Servers monitoring UI proposal
In the young industry which is software development, most domains are filled with applications made by developers with no thoughts about the end users. Bulletin boards, for instance, were an excellent example of terrible, unacceptable user experience, until Discourse was released.
Servers monitoring is another domain where the lack of thought about user experience and the lack of any creativity from the persons who develop the monitoring software is rather impressive. This is not their fault: most of those software products were developed under time pressure and extremely low budget; I can imagine that many of those products were drafted by system administrators during a few free hours per week they could get from their hard work.
Products such as Nagios were completely unable to evolve their user experience over time. Those products are still presenting themselves as simple lists with a bit of color, the only slightly graphical elements being charts. This makes it difficult to work with those products, and practically impossible to visualize information properly.
This constrains the usage of those products to active regular checking. In other words, in most companies, persons in charge of the monitoring are checking the statuses of servers once or twice per day. The remaining time, they do something other, and rely exclusively on the alerts in a form of emails sent to them by the monitoring software (given that they may .
Thus, passive constant checking doesn't exist. What I mean is that persons in charge of the monitoring don't have dedicated displays which show in nearly-real-time what is happening. By not having proper visualization capability, we are losing the opportunity to easily spot a problem before it starts affecting the infrastructure.
Welcome to the concept of bubbles. Instead of representing a machine as a line, each machine corresponds to several bubbles appearing close to each other.

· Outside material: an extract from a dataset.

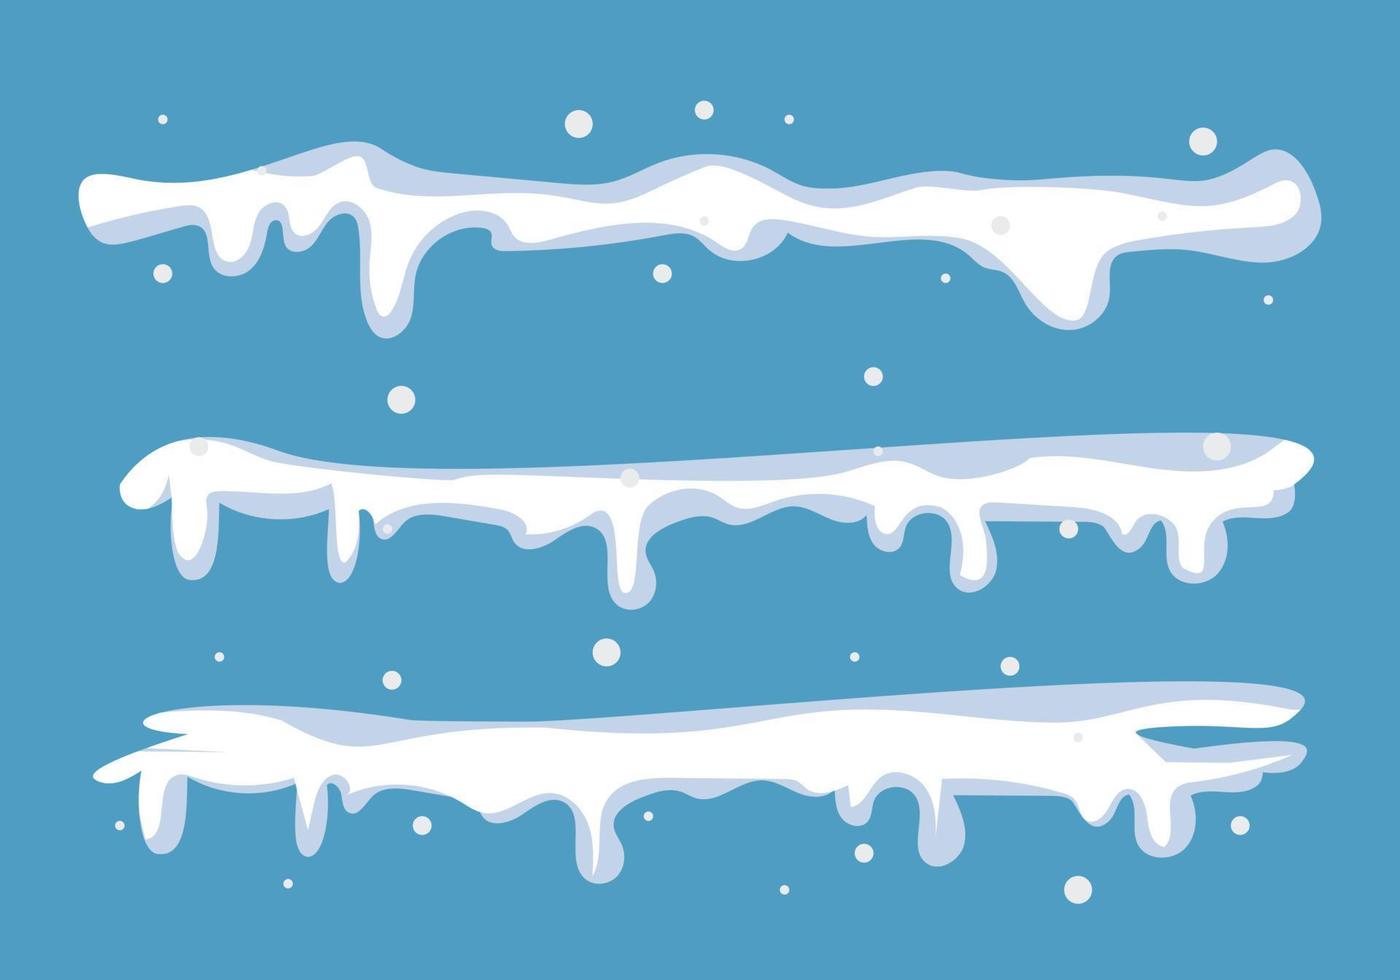 bouchons de neige, glace enneigée et glaçons congelés, icônes vectorielles de dessin animé, isolés sur fond transparent. casquettes abstraites de givre de neige pour la conception d'éléments de noël et du nouvel an vecteur

The following draft shows the concept applied to a sample machine:
If we assume that CPU and memory usage are the most important metrics for this particular machine, those two entries will appear twice larger than others. Actually, the concept can be pushed even further with the dynamic size of the bubbles: when the system thinks that the reported metric may indicate that something is not right, the bubble may grow on itself to attract the attention of the personnel.
Every bubble contains:
The circle which can display up to two values. For example, a memory bubble can display memory usage excluding caching (in blue), but also including caching (in dark gray).

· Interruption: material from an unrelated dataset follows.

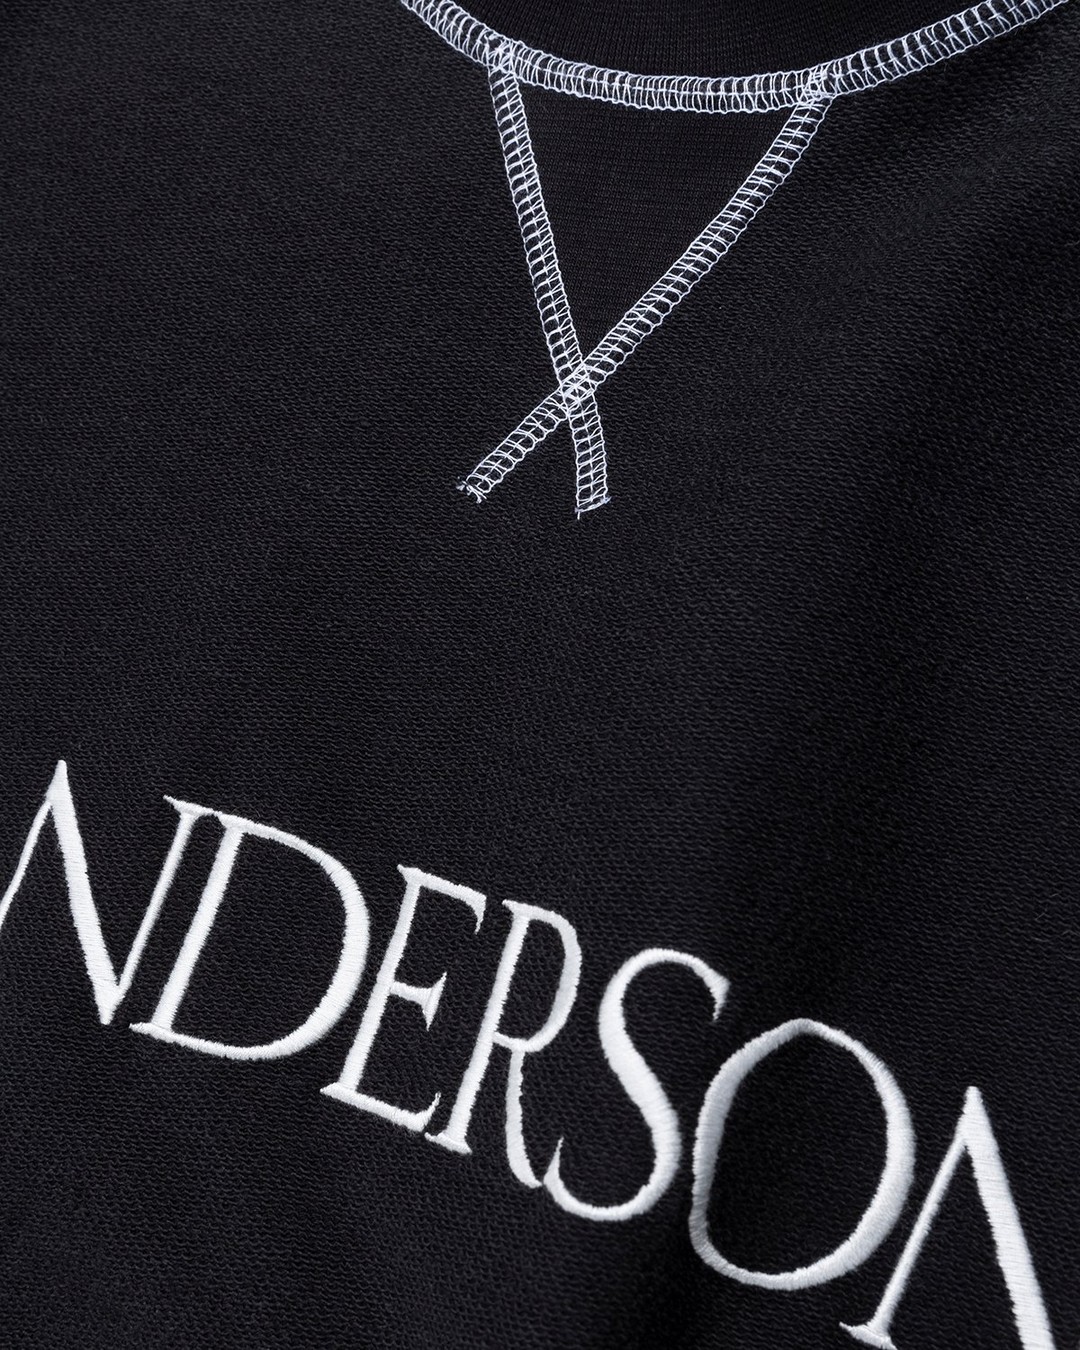 J.W. Anderson – Inside Out Contrast Sweatshirt Black - Sweats - Black - Image 4

The red limit, displayed as a line. When the value displayed in blue reaches this line, the bubble is displayed in red. This is an early indication that something goes wrong. For example, for a partition, a red line may be set at 90% of the total disk space to prevent going out of space.
The content, which may be either a icon or text or both.
Absolute values can be obtained by hovering a cursor over a bubble. Additional information may (and probably will) be displayed as well.
The bubble-based layout ensures that the overall picture of the infrastructure is visually reachable, given enough monitors. At a glance, any person can determine if there is a problem, and if yes, localize it with ease.
Simply displaying individual information for every machine is not enough. This approach works well when managing a few hundreds of servers, but how would anyone visualize information arriving from thousands of servers?
Existent products do nothing to solve this issue, using only the most elementary indicators, such as the number of servers which report errors. However, solving it is not particularly difficult.
When it comes to visualizing a single metric, such as the use of swap, a simple visualization could look like that:
Every machine corresponds to a dot; the size of the dot is proportional to the metric, and the red color indicates that a threshold (for this specific metric on this specific machine) was reached. This allows to view thousands of elements at once and to spot how many are problematic.
But the primary goal, when managing thousands of servers, is not to view the same type of metric for thousands of servers, but rather view all the metrics. This is when comes the aggregation approach. Two or more machines are grouped together based on an element, such as their type, to appear as a monolithic entity which uses the same space as a single machine used before aggregation. The bubbles can then be customized to allow different types of aggregations: a maximum, a minimum, an average value or separate values shown by the same bubble. The following image illustrates such aggregation of five machines, the CPU bubble showing separate measures.
Aggregation is a powerful tool which makes it possible to get real-time data from thousands of servers. For instance, machines which serve as database failover for applications of similar type can all be aggregated, since their usage is similar. In the same way, servers which process data in a map reduce scenario can be aggregated as well.
I explained how the concept of bubbles helps in visualizing metrics gathered from dozens of servers as well as from thousands of servers. This new user interface proposal can be embedded into existent products to make it possible for system administrators to achieve higher responsiveness by having better tools which give them the right amount of data in a very natural way.
For those of you who work closely with servers monitoring tools, feel free to talk to the companies who develop those tools to see how can they benefit from the concepts of bubbles and aggregation.